I took a closer look to see what was going on, and it is because of that large number split in the code that that fragmentation is occurring. A quick Google search yielded some VB code that was a lot better at handling the conversion. I’ve made some very minor tweaks to have it run in VBA/Word, and put a subroutine on it to match the selection code amendment I posted above.

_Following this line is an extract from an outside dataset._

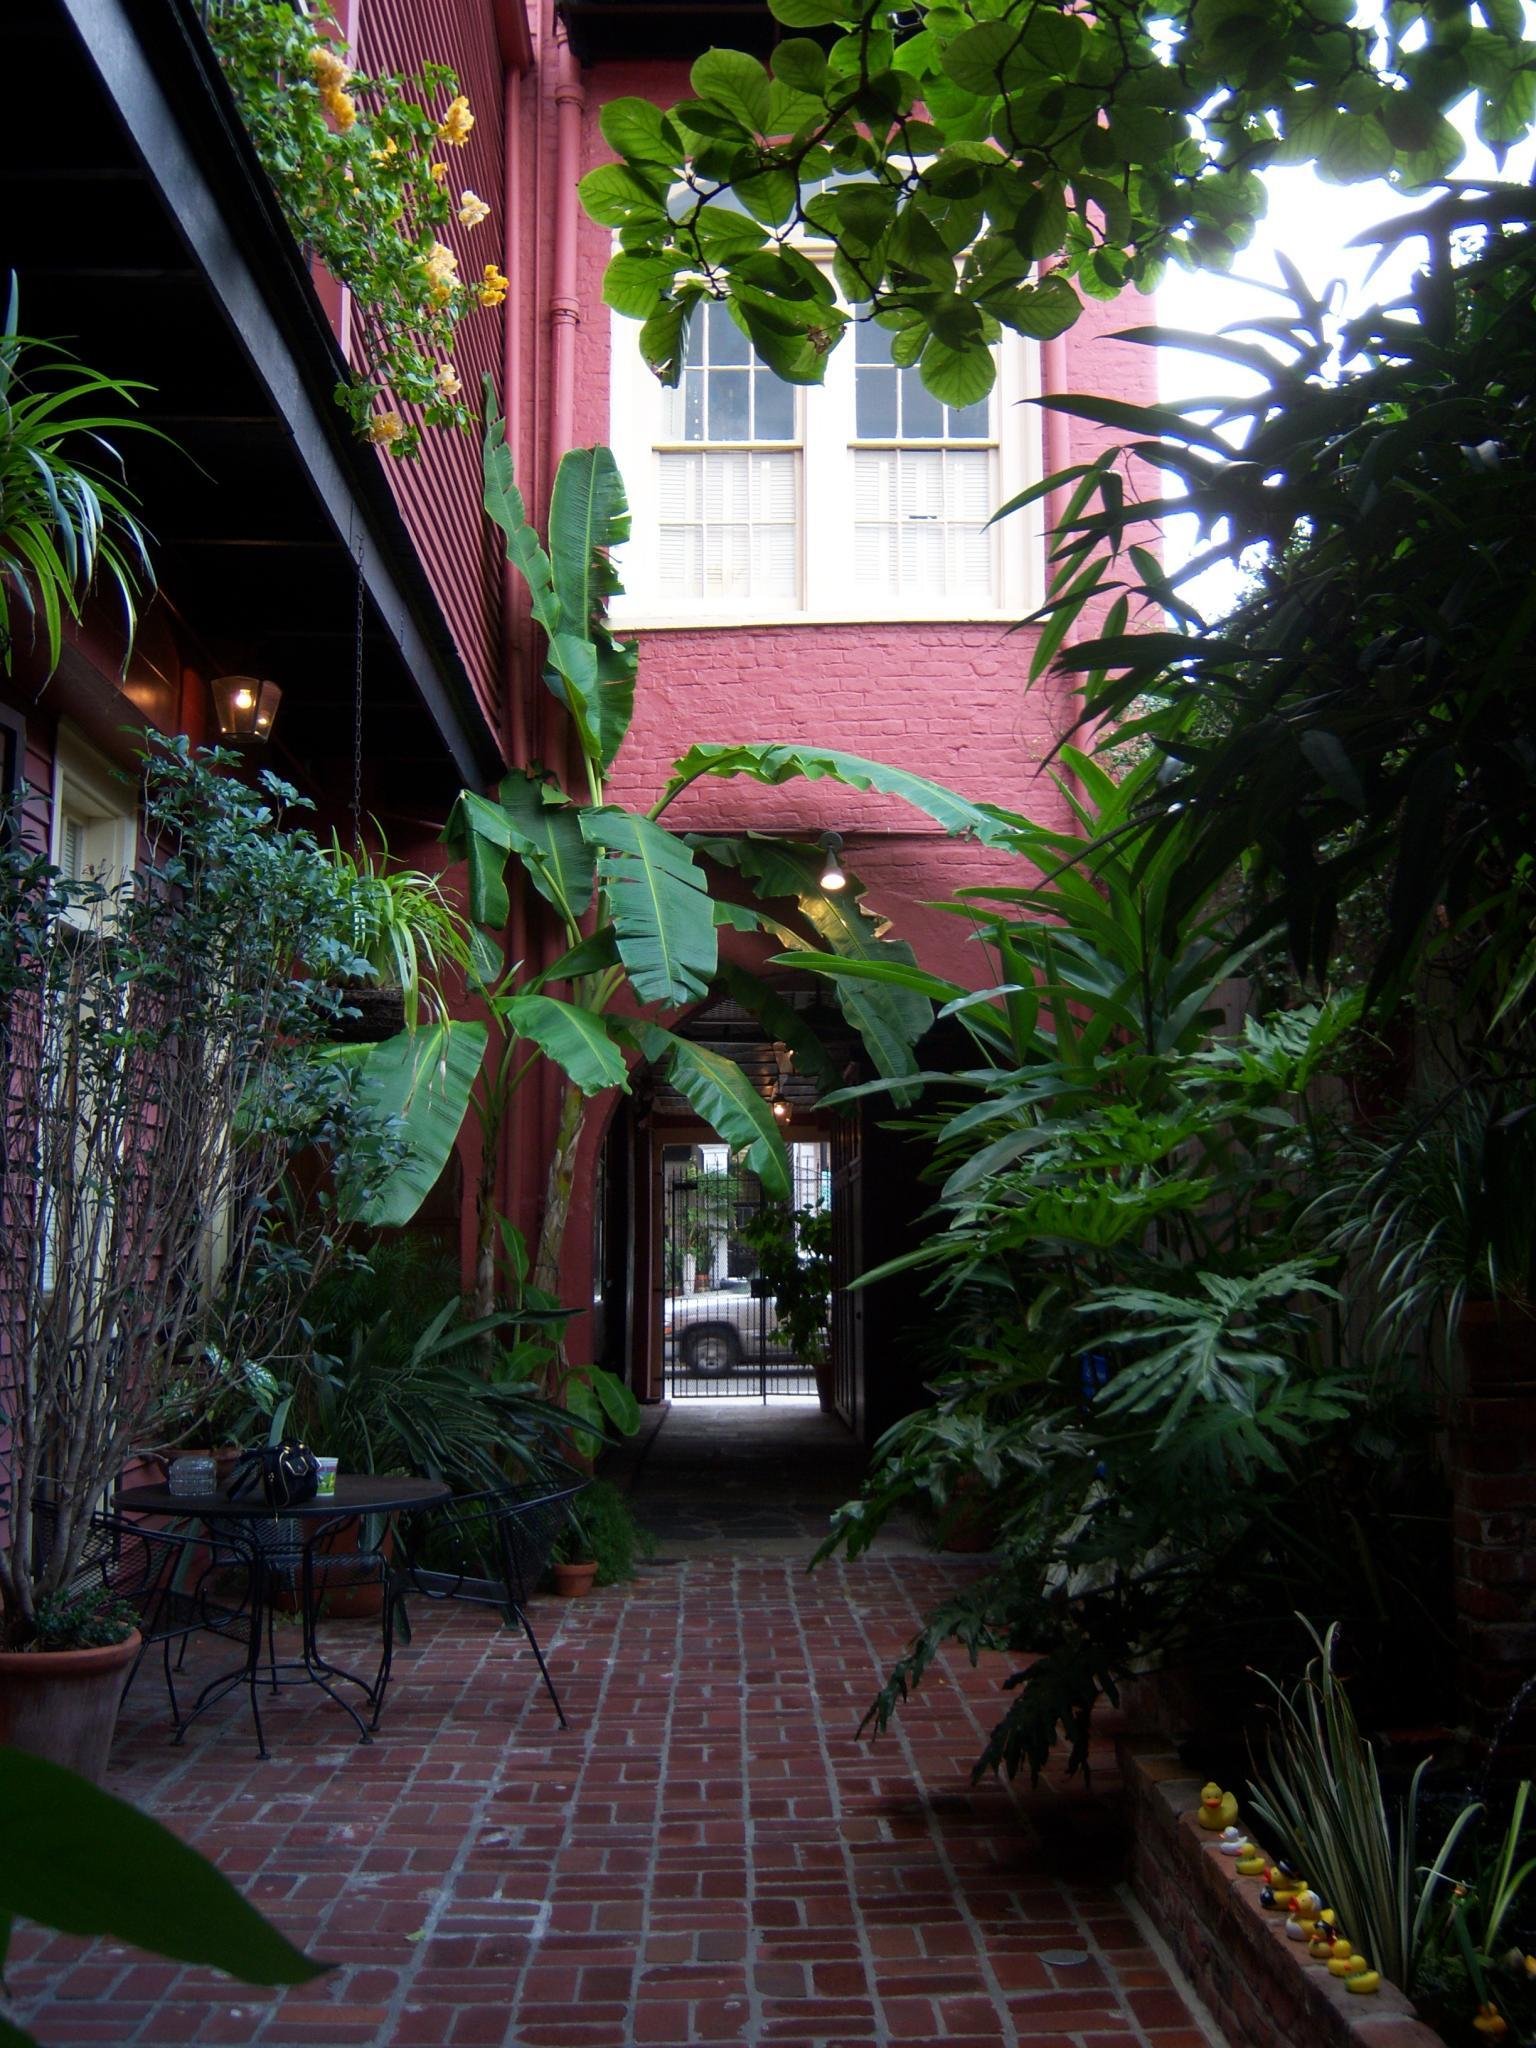 The Courtyards

I figured it would be better to fix the issue than to partially patch the result.

```
Sub ConvertNumberToWords()
'Select Content
Selection.MoveEndWhile Cset:="0123456789,.", Count:=wdForward
Selection.MoveStartWhile Cset:="0123456789,.", Count:=wdBackward
' Store the digits in a variable
Selection.TypeText Text:=WordNum(Trim(Selection.Text))
End Sub
Function WordNum(MyNumber As Double) As String
Numbers = Array("", "one", "two", "three", "four", "five", "six", "seven", "eight", "nine", "ten", "eleven", "twelve", "thirteen", "fourteen", "fifteen", "sixteen", "seventeen", "eighteen", "nineteen")
Tens = Array("", "", "twenty", "thirty", "forty", "fifty", "sixty", "seventy", "eighty", "ninety")
Dim DecimalPosition As Integer, ValNo As Variant, StrNo As String
Dim NumStr As String, n As Integer, Temp1 As String, Temp2 As String
' This macro was written by Chris Mead - www.MeadInKent.co.uk
If Abs(MyNumber) > 999999999 Then
WordNum = "Value too large"
Exit Function
End If
' String representation of amount (excl decimals)
NumStr = Right("000000000" & Trim(Str(Int(Abs(MyNumber)))), 9)
ValNo = Array(0, Val(Mid(NumStr, 1, 3)), Val(Mid(NumStr, 4, 3)), Val(Mid(NumStr, 7, 3)))
For n = 3 To 1 Step -1 'analyse the absolute number as 3 sets of 3 digits
StrNo = Format(ValNo(n), "000")
If ValNo(n) > 0 Then
Temp1 = GetTens(Val(Right(StrNo, 2)))
If Left(StrNo, 1) <> "0" Then
Temp2 = Numbers(Val(Left(StrNo, 1))) & " hundred"
If Temp1 <> "" Then Temp2 = Temp2 & " and "
Else
Temp2 = ""
End If
If n = 3 Then
If Temp2 = "" And ValNo(1) + ValNo(2) > 0 Then Temp2 = "and "
WordNum = Trim(Temp2 & Temp1)
End If
If n = 2 Then WordNum = Trim(Temp2 & Temp1 & " thousand " & WordNum)
If n = 1 Then WordNum = Trim(Temp2 & Temp1 & " million " & WordNum)
End If
Next n
NumStr = Trim(Str(Abs(MyNumber)))
' Values after the decimal place
DecimalPosition = InStr(NumStr, ".")
Numbers(0) = "Zero"
If DecimalPosition > 0 And DecimalPosition < Len(NumStr) Then
Temp1 = " point"
For n = DecimalPosition + 1 To Len(NumStr)
Temp1 = Temp1 & " " & Numbers(Val(Mid(NumStr, n, 1)))
Next n
WordNum = WordNum & Temp1
End If
If Len(WordNum) = 0 Or Left(WordNum, 2) = " p" Then
WordNum = "Zero" & WordNum
End If
End Function
Function GetTens(TensNum As Integer) As String
Numbers = Array("", "one", "two", "three", "four", "five", "six", "seven", "eight", "nine", "ten", "eleven", "twelve", "thirteen", "fourteen", "fifteen", "sixteen", "seventeen", "eighteen", "nineteen")
Tens = Array("", "", "twenty", "thirty", "forty", "fifty", "sixty", "seventy", "eighty", "ninety")
' Converts a number from 0 to 99 into text.
If TensNum <= 19 Then
GetTens = Numbers(TensNum)
Else
Dim MyNo As String
MyNo = Format(TensNum, "00")
GetTens = Tens(Val(Left(MyNo, 1))) & " " & Numbers(Val(Right(MyNo, 1)))
End If
End Function
```

For my testing it seems to do a much better job, dealing automatically with commas, fractional parts, including “and” in the correct places. The only things it misses out on from my quick tests is hyphentaion of some of the compound words and negative numbers.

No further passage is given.